Board member Mark Rude said he thought the change in focus was a step in the right direction and hoped to see more changes in the future.

“I think the way I see the national and international discussion and reading some of DC’s comments over the last two days, we could make some adjustments over the next month or two on top of that, going into the Same direction. I hope that’s true,” he said. “I think we owe it to the public to make an adjustment based on KDHE’s recommendations and that’s fine.”

Another board member, John Wiese, agrees.

“I hope things will continue to evolve in this direction,” he said. “I think we kind of have to align ourselves with the direction the state is going, just in the fact that I think it’s been a big burden on our school district, trying to keep track of all of this…C There’s a huge amount of work that’s been brought to our district by COVID, so if we can take a month off, I think everyone would appreciate it.

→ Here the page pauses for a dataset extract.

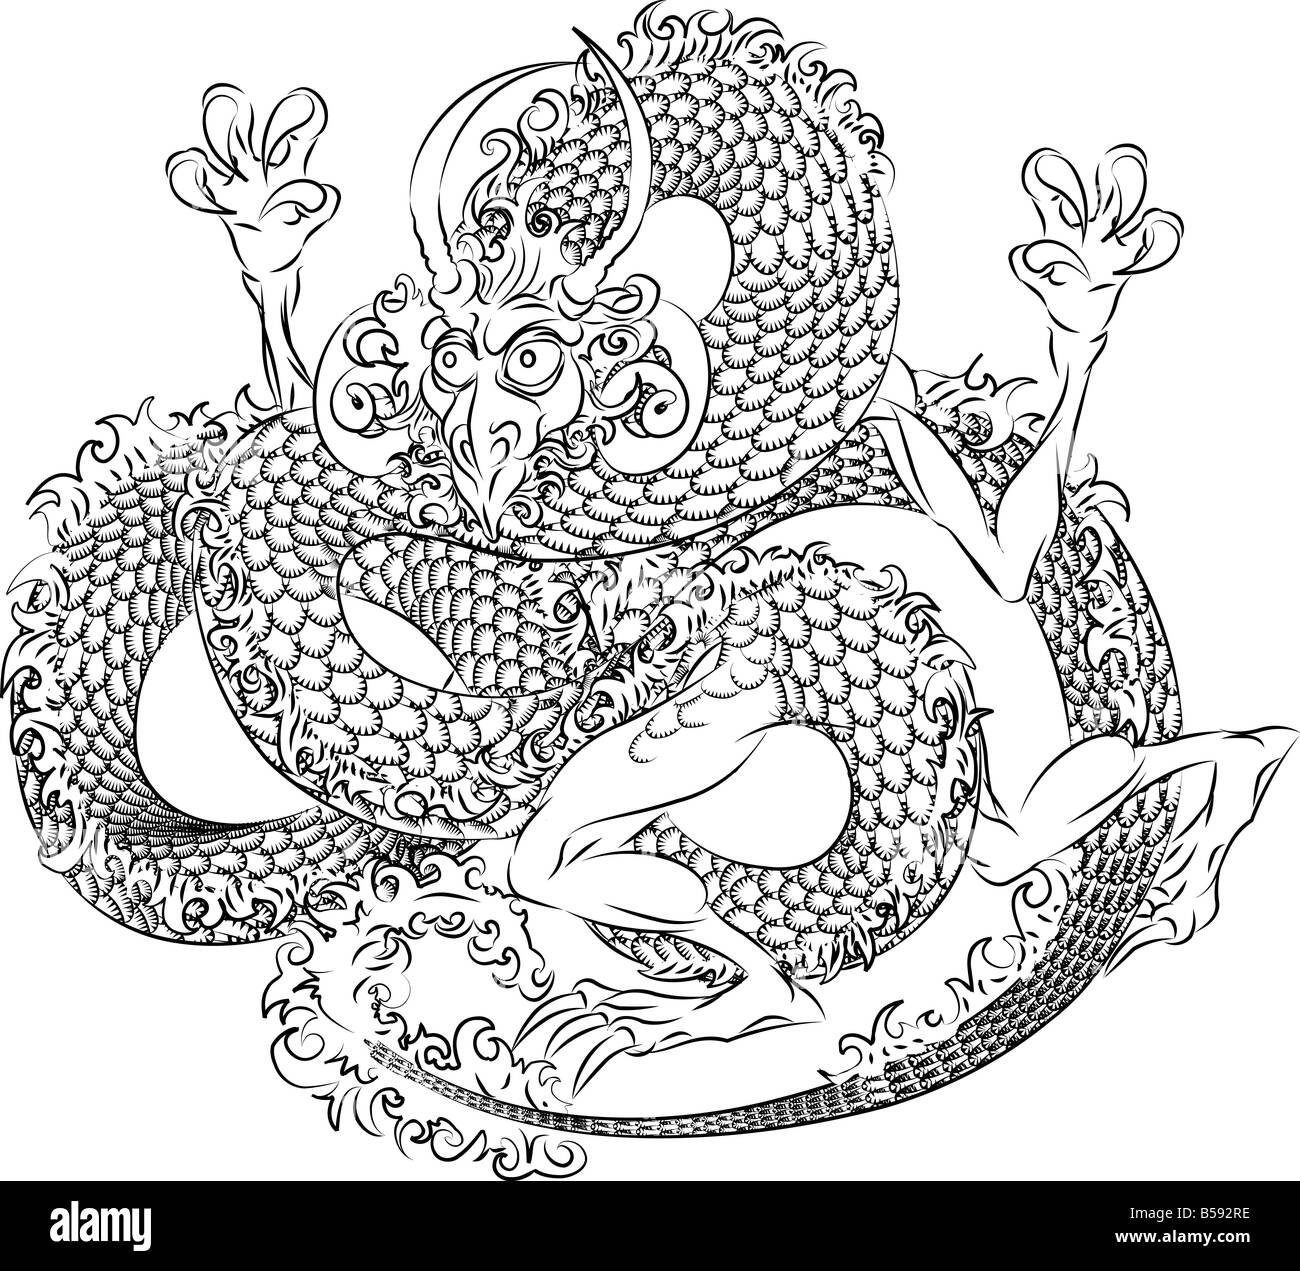 Illustration de dragon japonais noir sur fond blanc Banque D'Images

457 USD released information on Tuesday about what a parent should do if their child is sick or thinks they have been exposed to a positive case of COVID-19 at school or elsewhere.

They asked parents to consider keeping their child home for five days after exposure. After that, the child can return to normal activities, but must wear a properly fitting mask around others indoors and outdoors for a further five days.

Parents should have their child tested five days after exposure, or immediately if they become symptomatic and should continue to monitor their child for symptoms of COVID-19 for 10 days after exposure.

If symptomatic, the child should be tested with a diagnostic test if one is available. If the child is sick or tests positive, parents are asked not to send their child to school.

Any student who tests positive for COVID-19 should stay home for at least five days and be fever-free for 24 hours without the use of anti-fever medication before leaving home.

Thereafter, the child can return to normal activities but wear a properly fitted mask indoors and outdoors for an additional five days.

Parents must notify the school if their child tests positive.